なぜ総合商社に惚れ込んだのか、明確な単一の理由が公表されているわけではありませんが、報道や解説記事では次のような点が指摘されています。
- 事業の多角化による安定性:資源からインフラ、小売まで幅広い事業を持ち、特定分野の不振を他の分野で補いやすい構造。
- 配当利回りの高さ:株主還元に積極的な姿勢を示してきた企業が多い点。
- 世界的にも珍しいビジネスモデル:トレーディングと事業投資を組み合わせた総合商社という業態自体が、海外の投資家にとって新鮮な投資対象だったこと。
総合商社株を見るときの注意点
魅力的に見える総合商社株ですが、初心者が押さえておきたい注意点もあります。
- 資源価格・為替の影響を受けやすい:資源開発事業を持つ商社は、原油や金属などの市況、また為替レートの変動によって業績が左右されやすい面があります。
- バフェット氏が買っているから安心、ではない:著名投資家の投資判断は参考にはなりますが、将来の値動きを保証するものではありません。投資判断は個々の企業の事業内容や財務状況を確認したうえで行うことが大切です。
- 各社で事業構成は異なる:同じ「総合商社」でも、資源分野に強みを持つ会社もあれば、生活産業に強みを持つ会社もあり、事業構成は各社で異なります。
米国株の基本的な調べ方は米国株の記事、配当を重視した投資の考え方は配当の記事でも解説しています。
フクリの見方
- 総合商社は、「モノを右から左に流す商社」から「幅広い事業に出資する投資会社」へと姿を変えてきた、日本独自の進化を遂げた業態だと考えています。この変化の理解が、総合商社株を見るうえでの土台になります。
- 著名投資家の投資判断は、あくまで「参考になる視点の一つ」です。バフェット氏の判断をそのまま真似るのではなく、なぜその判断に至ったのかという背景を理解することのほうが、長期的には役立つと考えています。

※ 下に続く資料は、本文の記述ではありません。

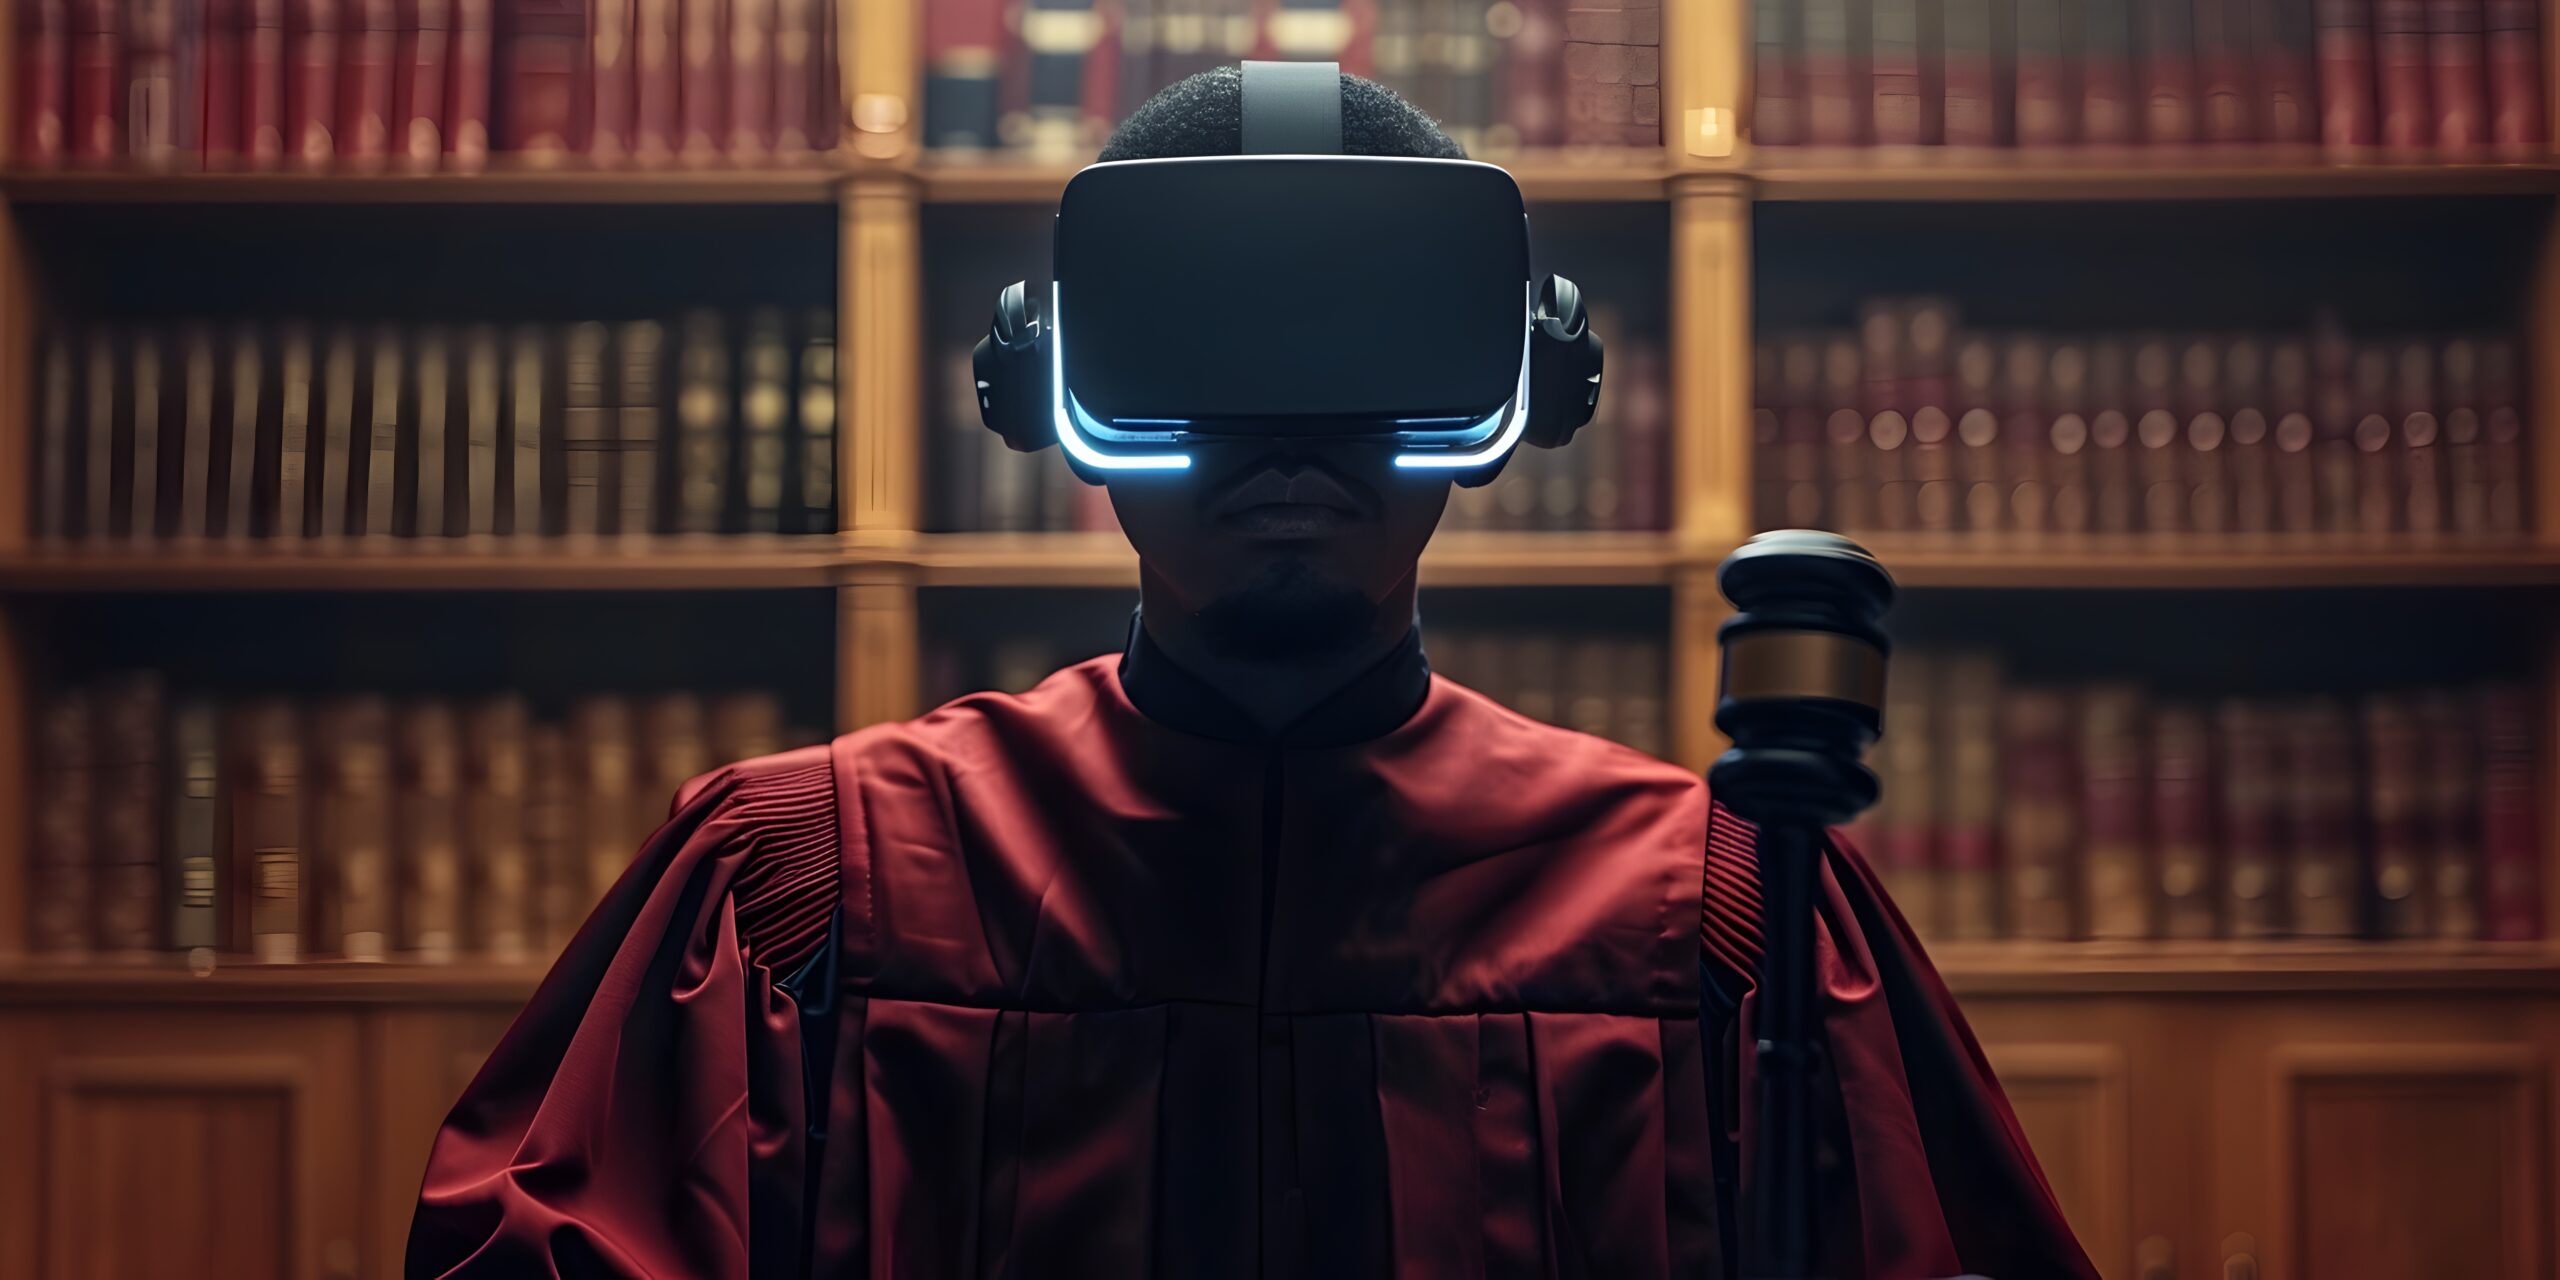 The image depicts a futuristic judge character wearing a traditional robe and presiding over virtual reality court proceedings The judge appears to be an arbiter of disputes involving digital avatars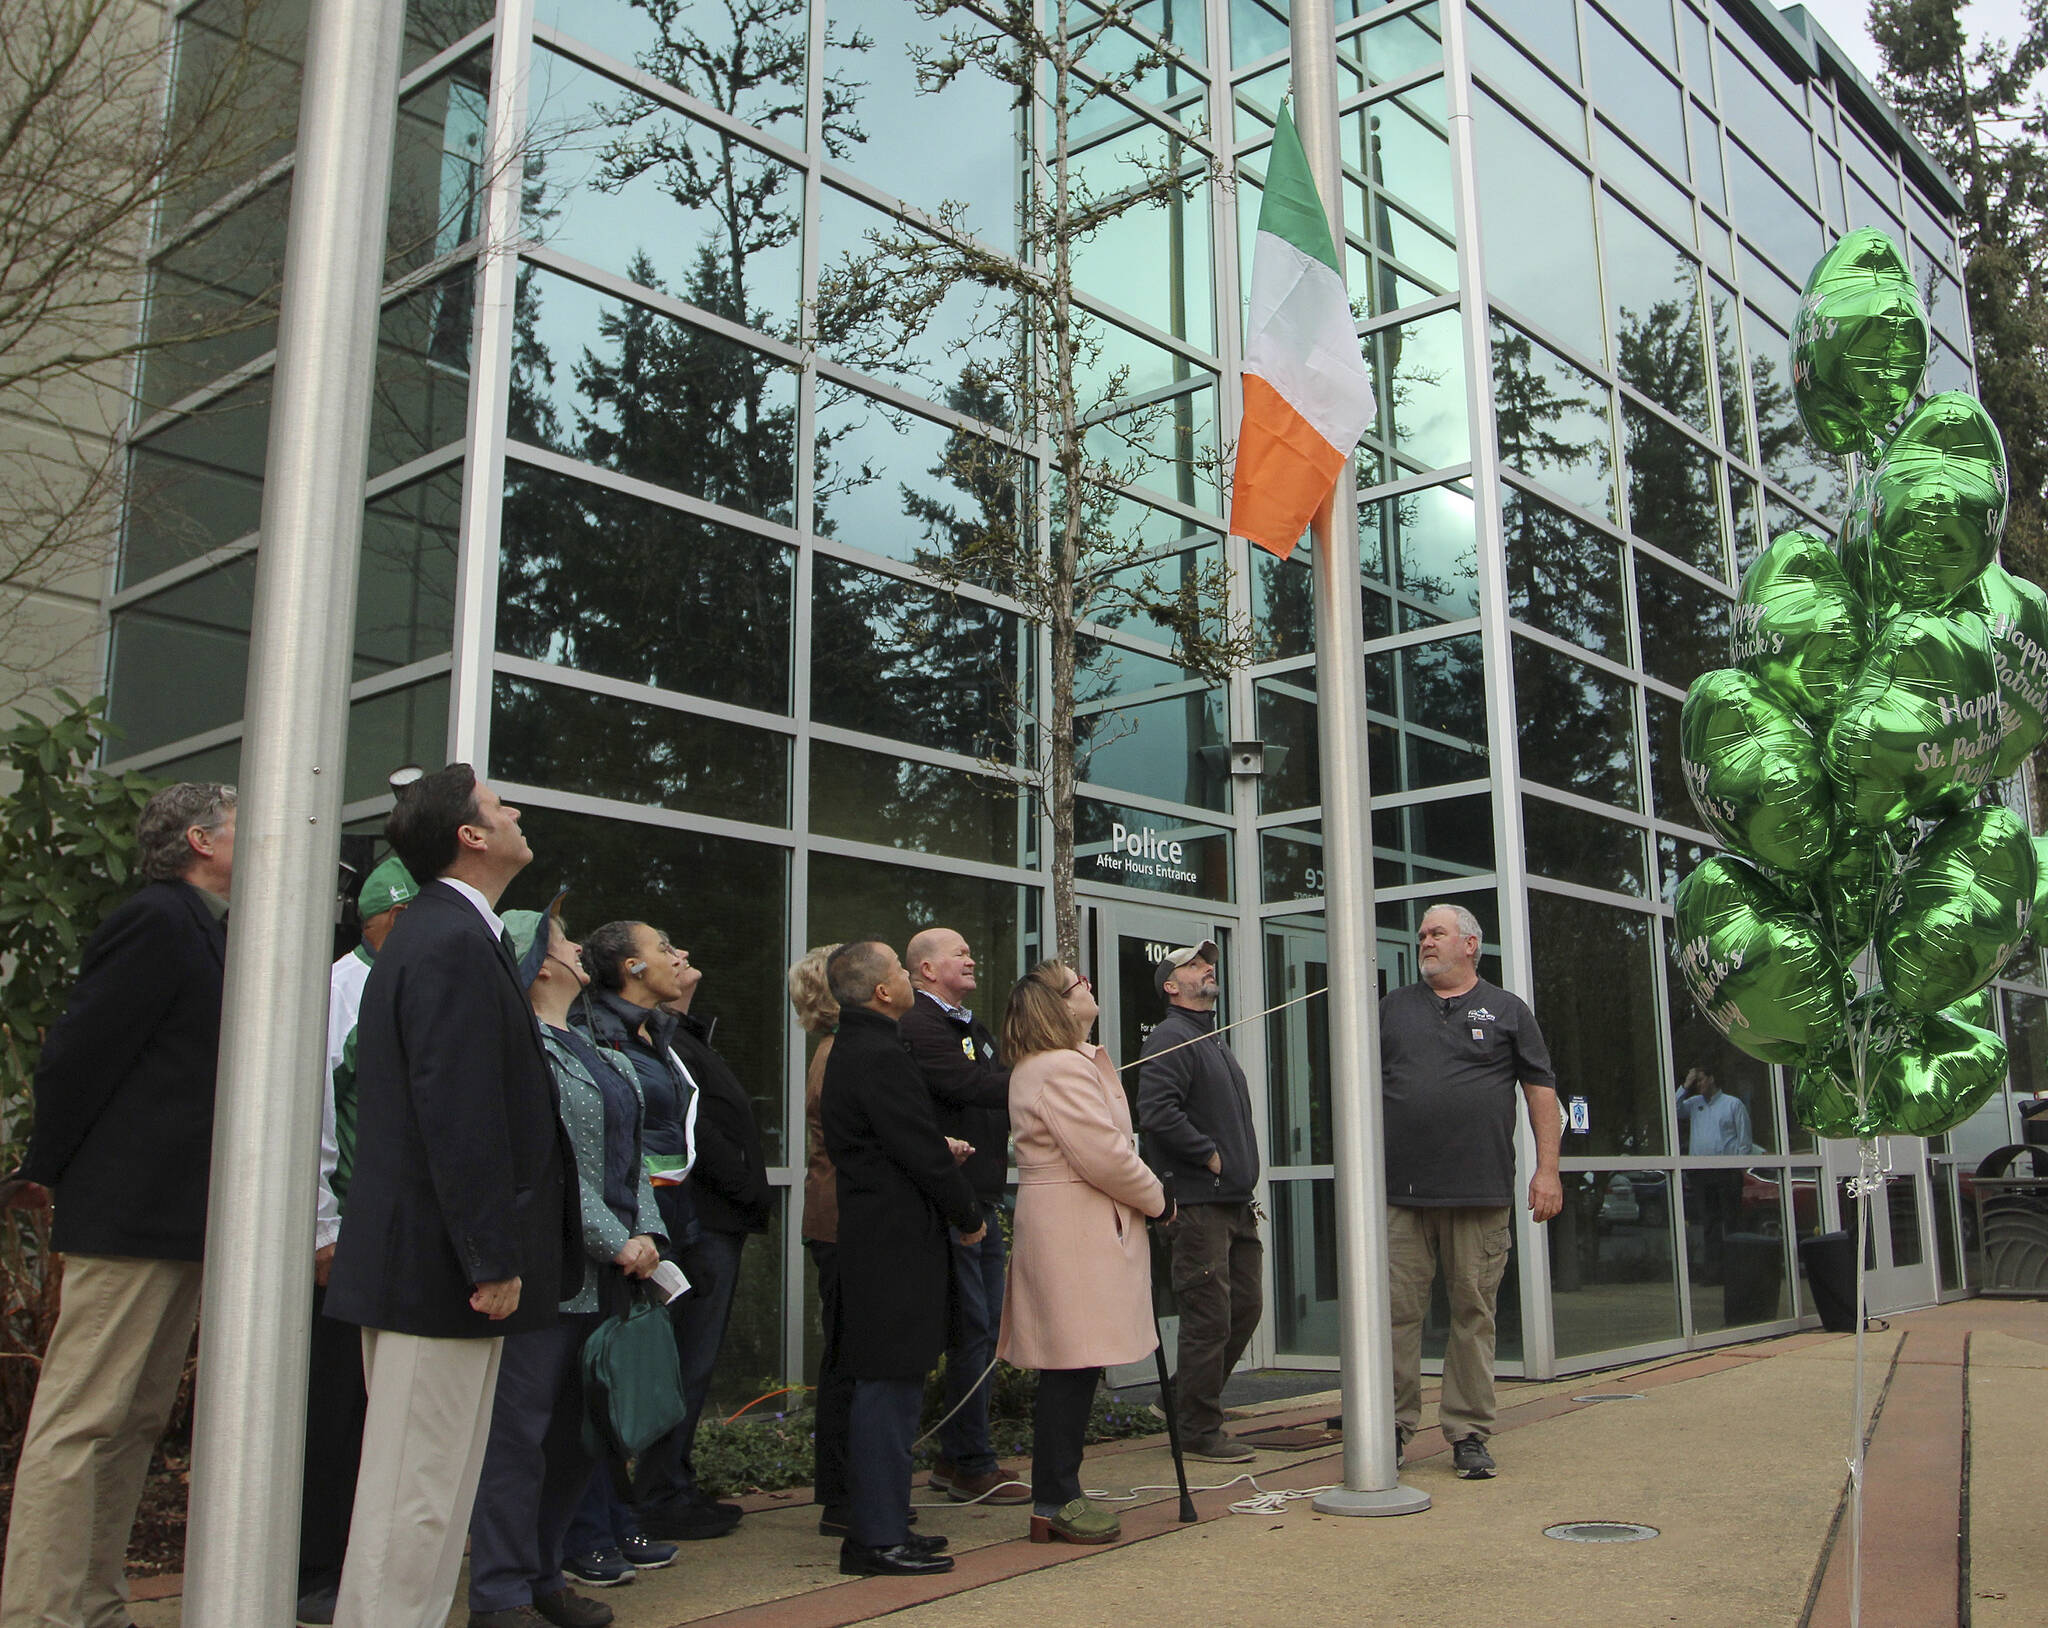 Elected officials and proud community members with Irish heritage assist in raising the Irish flag on March 17.

- 資源価格や為替に業績が左右されやすい面もあるため、分散投資の考え方を踏まえながら、気になる商社があれば決算資料で事業構成や収益の内訳を確認する習慣がおすすめです。
まとめ(3行)
- 総合商社は、衣食住からエネルギーまで幅広い分野を扱う日本独自の業態で、三菱商事・三井物産・伊藤忠商事・住友商事・丸紅の5社が代表格
- 収益はトレーディング(商品売買の手数料)と事業投資(出資先からの配当・持分法利益)の2本柱で、近年は事業投資の比重が高まっている
- バークシャー・ハサウェイは2020年から5大商社株を取得し、2026年5月時点で全社の保有比率が10%を超えたと報じられており、長期保有の姿勢を示している
情報源
- Bloomberg:バークシャー、住友商事と丸紅の保有比率10%超え-商社株買い増し
- 日本経済新聞:バフェット氏、総合商社株は「今後50年売らない」
- 日本経済新聞:バフェット氏のバークシャーハザウェイ、三菱商事など商社株買い増し
本記事は情報提供を目的としたものであり、特定の金融商品の投資勧誘や投資助言を行うものではありません。投資にともなう最終的な判断は、ご自身の責任で行ってください。記載内容の正確性には努めていますが、その完全性・将来の結果を保証するものではありません。